Ah, Paris. The city of love and food and books. Abundant with literary cafés and penniless poets. Home of Le Procope, the city’s oldest restaurant still trading, founded in 1686, where Voltaire is supposed to have drunk forty cups of coffee a day.

Also home to Bar Hemingway, at the Ritz Paris Hotel. So called because, when the Nazis surrendered their control over the city on 25 August 1944, Ernest Hemingway was nearby, working as a war correspondent, and was desperate to ‘officially’ liberate somewhere. There are many different accounts of this – one being that he was late because he’d been too busy filling his car with champagne – but the one I like best has it that Hemingway arrived at the hotel, ran up on to the roof and fired a round of shots into the sky, before haring back down to the bar. Declaring the hotel liberated from the Nazis, he then ordered fifty martinis to be shared out amongst the guests. Apparently the martinis weren’t that great: the barman couldn’t be located, and they had to mix the drinks themselves.

All along the right bank of the river Seine, from Pont Marie to the Quai du Louvre, and on the left bank from the Quai de la Tournelle to Quai Voltaire, you can find the Bouquinistes. These are second-hand and antiquarian bookselling stalls which were set up by travelling pedlars in the sixteenth century. In the next century the pedlars were driven out of the city and made to re-apply for their stalls, to ensure they met censorship regulations. Strict rules of this sort didn’t go away: in 1810 Napoleon made all booksellers apply for a licence to trade. They had to hand in four morality references, to be certified by their local mayor, to prove they weren’t planning to sell rebellious publications.

These days France still has the equivalent of the UK’s old Net Book Agreement, meaning that discounting new books is banned – bar a 5% discount for students – and its current Culture Minister, Aurélie Filippetti, is determined to help bookshops thrive. On my most recent visit to Paris in 2013 there were at least twenty bookshops scattered around our hotel, and it was lucky for my bank balance that most of these only stocked books in French. A particularly lovely bookshop is Le Monte en l’Air, which serves as bookshop, café and gallery. The Abbey Bookstore, at the other end of the scale, is a second-hand English bookshop so full of books I wonder if it isn’t breaking the laws of physics. To my amazement, I discovered that there are bookshelves behind its bookshelves: the bookcases on the wall slide sideways, like French windows, revealing layers of books beneath.

My favourite place of all, though, is Shakespeare and Company.

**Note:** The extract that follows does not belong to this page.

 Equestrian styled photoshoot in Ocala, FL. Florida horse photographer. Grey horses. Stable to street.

In 1917 an American woman called Sylvia Beach came to Paris to study French literature. She stumbled across La Maison des Amis des Livres, a bookshop run by Adrienne Monnier, a French poet and publisher who was one of the first women in France to open her own bookshop. As was common in those days, Adrienne also ran a subscription library out of her shop, which Sylvia joined. The two became great friends and were later in a relationship, living together for over thirty years.

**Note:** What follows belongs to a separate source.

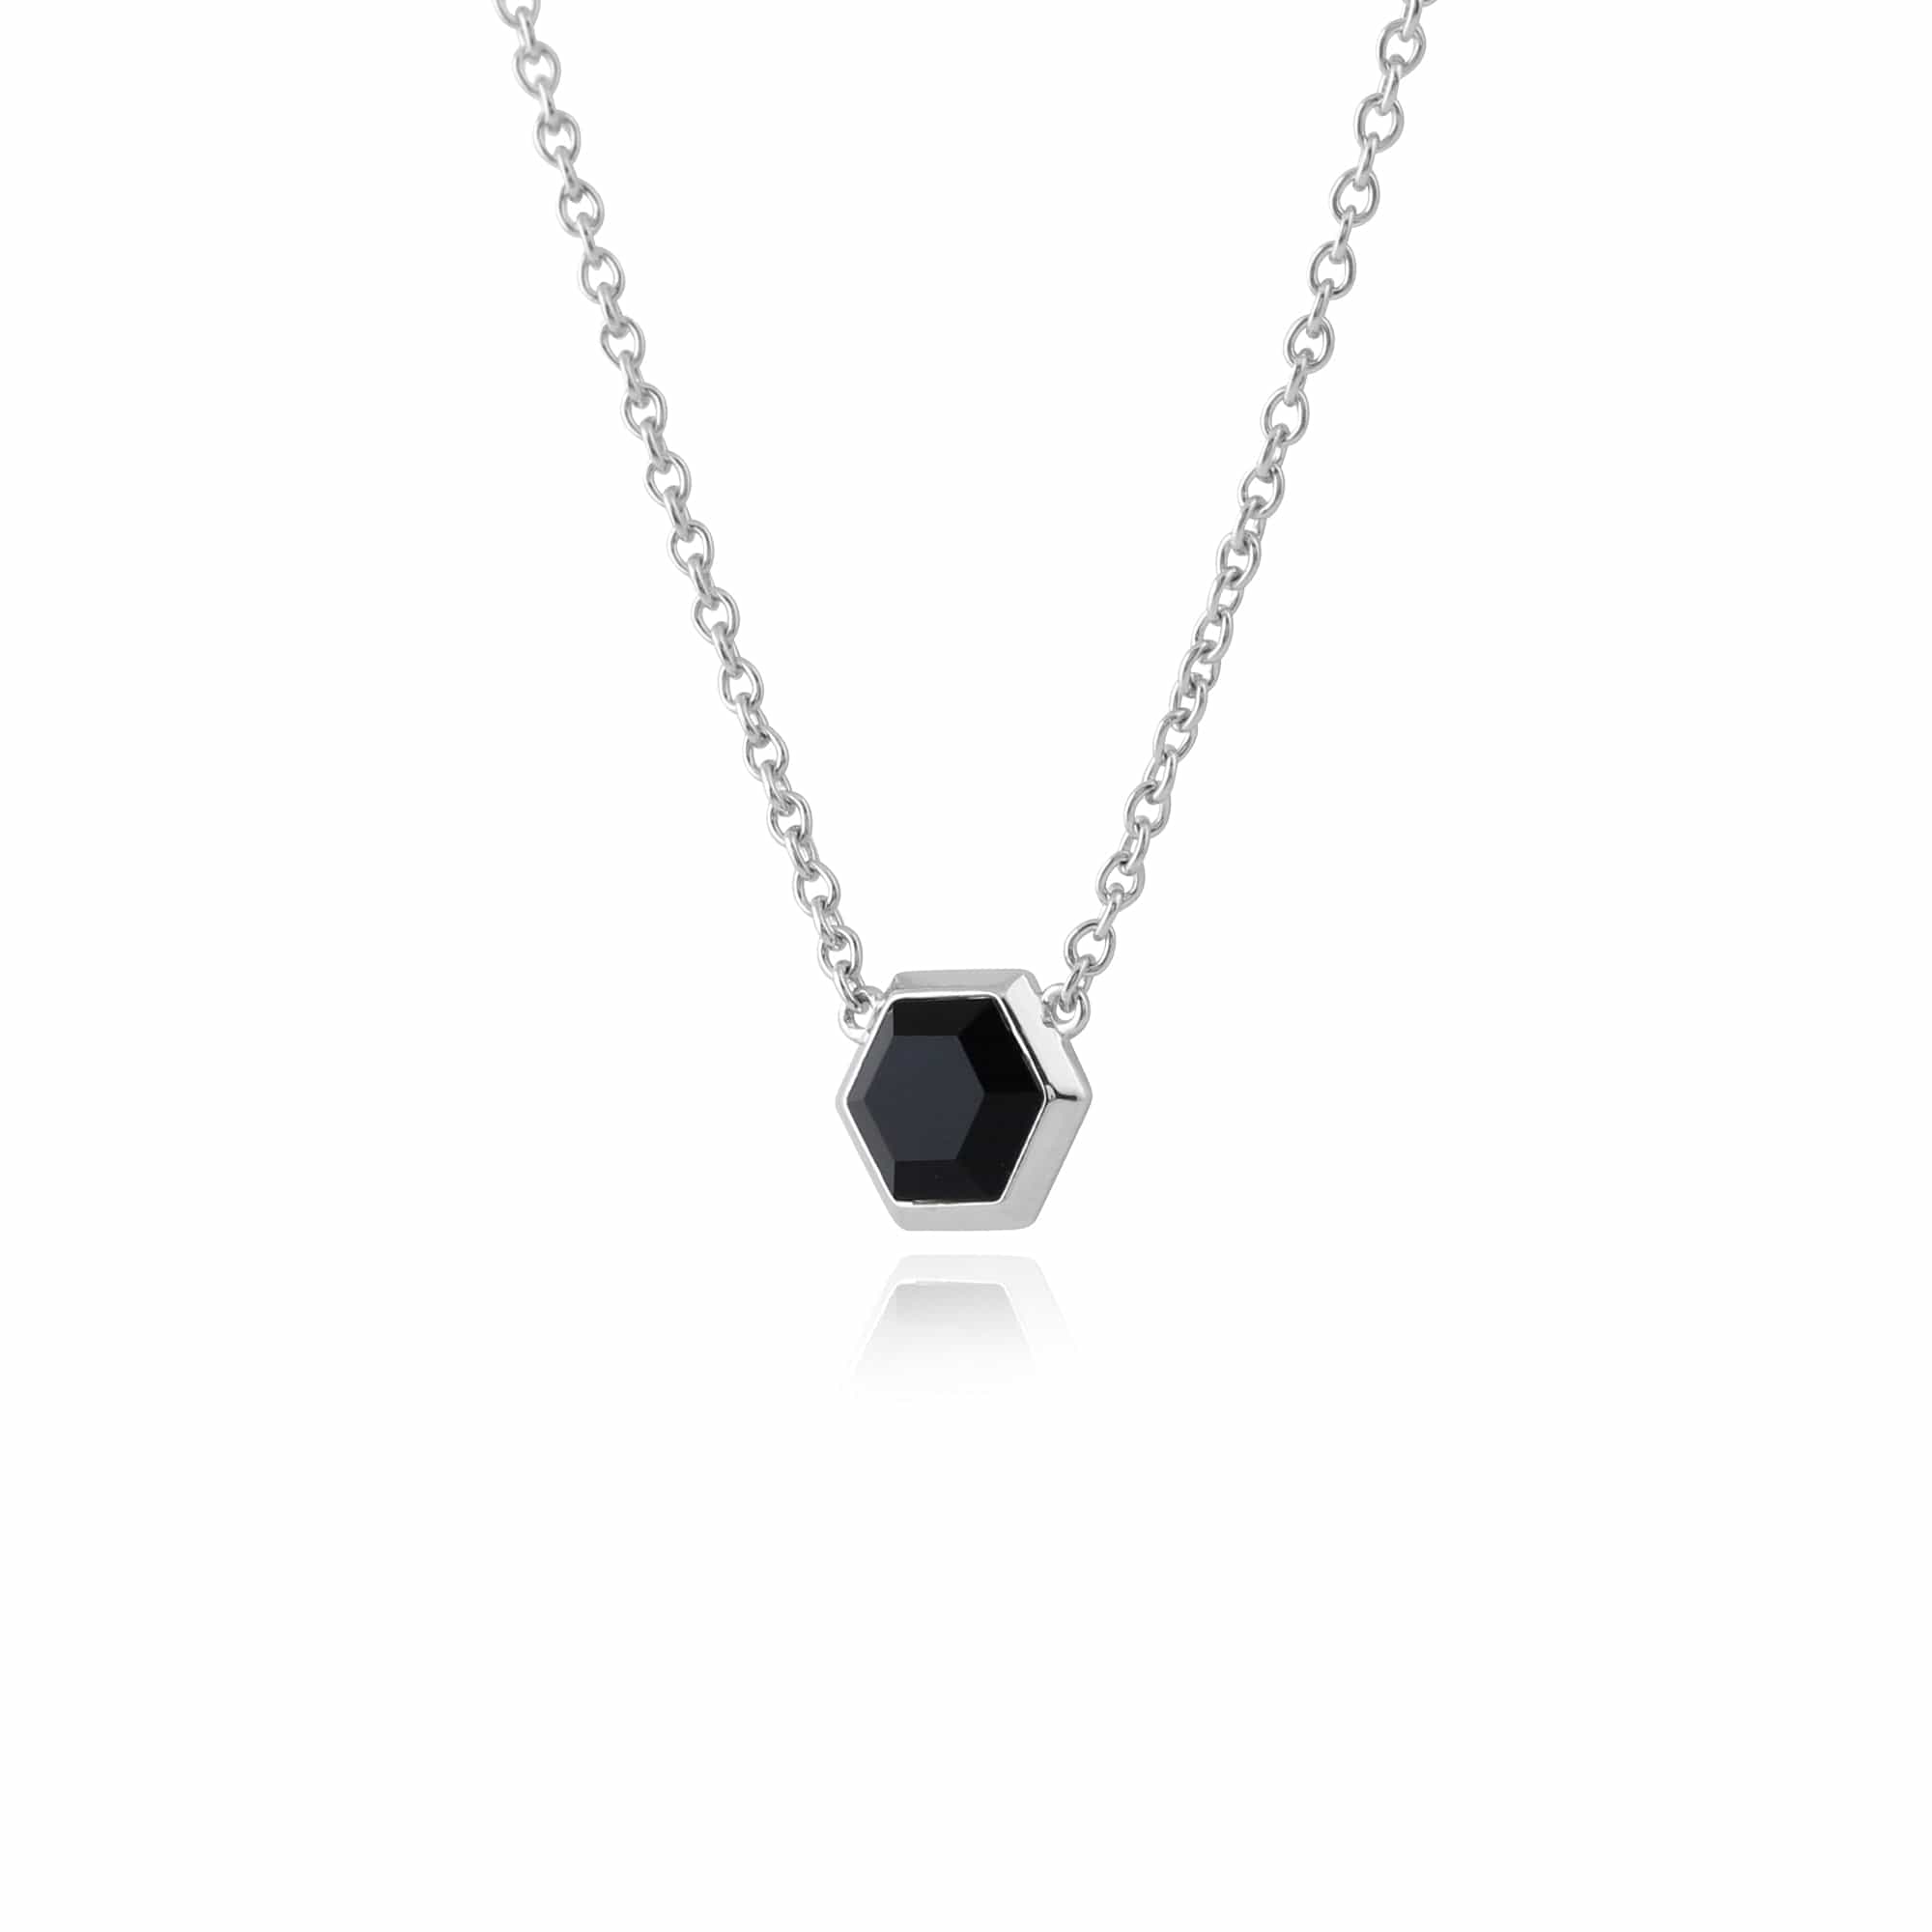 271N012401925 Geometric Hexagon Black Onyx Necklace in 925 Sterling Silver 2

Adrienne inspired Sylvia to open her own bookshop, which she called Shakespeare and Company. Initially it was tiny, but in May 1921 it moved to 12 rue de l’Odéon, opposite Adrienne’s bookshop, where it flourished. Sylvia’s main aim was to make her bookshop a space for writers to come and congregate, and come they did. Authors such as Ernest Hemingway, T.S. Eliot, Ezra Pound and F. Scott Fitzgerald were regulars, and James Joyce even used the bookshop as his office. Sylvia became Joyce’s secretary, editor and publisher, printing Ulysses when English and American publishers had refused to on grounds of obscenity.

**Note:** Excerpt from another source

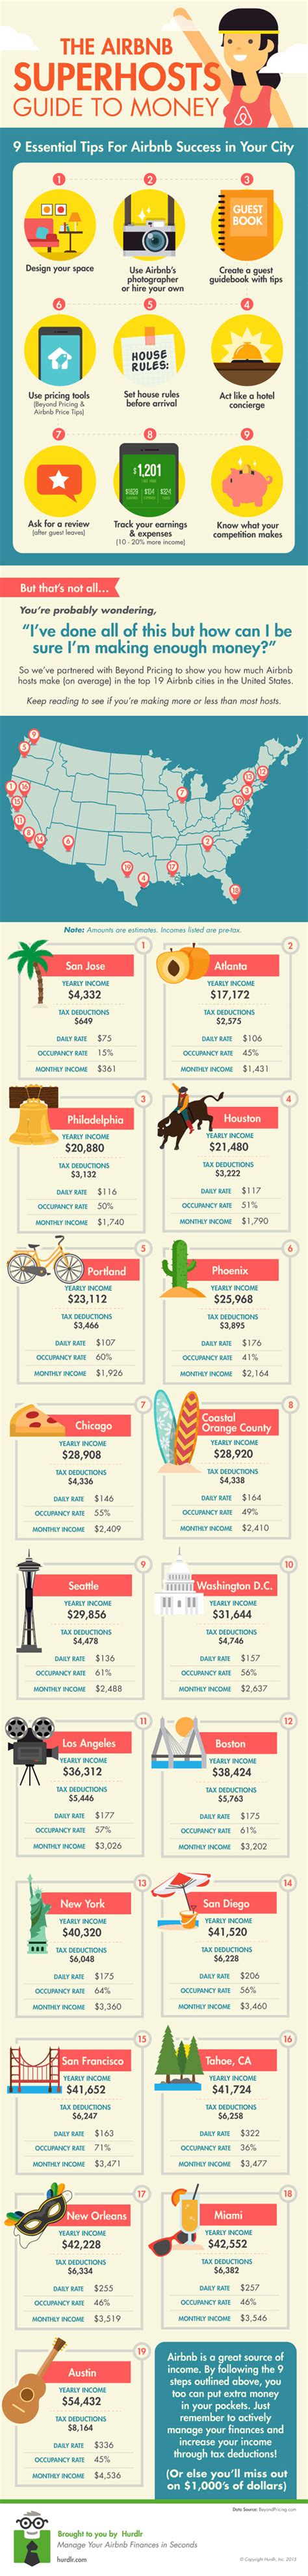 airbnb superhost guide  money  infographics

During the occupation of Paris in the early 1940s, a Nazi soldier came to Shakespeare and Company and tried to buy a copy of Finnegans Wake. Sylvia refused to serve him. The officer said he would come back with his troops and burn the whole place down so, as soon as he left, Sylvia and her friends hastily removed all the books from the shop, and boarded it up. She never re-opened.

In 1951 another American moved to Paris to open an English bookshop. This was George Whitman, and his bookshop was called Le Mistral. He opened it on the Left Bank, right next to Notre-Dame, in a building that was once part of a sixteenth-century monastery. Like Sylvia’s bookshop before it, Le Mistral became a hub for writers – in fact George often called it a social utopia masquerading as a bookshop. In 1964, after Sylvia Beach’s death, George changed the name of Le Mistral to Shakespeare and Company in her honour.

From the 1970s onwards, George allowed writers to come and stay in his bookshop, where thirteen beds were hidden in amongst the shelves, and it became known as the Tumbleweed Hotel. His only demand was that those who stayed pen their autobiography on a sheet of paper, and give it to him before leaving. George claimed that as many as 40,000 people, including writers of the Beat generation like Allen Ginsberg and William S. Burroughs, slept in the shop over the years.

The Tumbleweed biographies are a fascinating social account of young people travelling through Paris. Most of them are filled with literary aspirations and romantic dreams.”

His daughter Sylvia – named after Sylvia Beach – is now using some of these autobiographies to put together a book on the history of the bookshop. “The Tumbleweed biographies are wonderful,” she confirms. “They’re an oral history of the shop, and a fascinating social account of young people travelling through Paris. Most of them are filled with literary aspirations and romantic dreams; it’s touching to see how similar a twenty-one-year-old staying in 1972 is to one staying today. We continue this tradition and right now we are housing a French environmentalist writer, a Polish poet and an English actor. Over Christmas we usually have some regular Tumbleweeds who return. This year there was a Polish-English actress, a Cambridge student of Arabic, and an Israeli girl studying mathematics whose father also stayed at the same time. It definitely feels like an extended family, which is what my father used to tell me when I complained about being an only child.”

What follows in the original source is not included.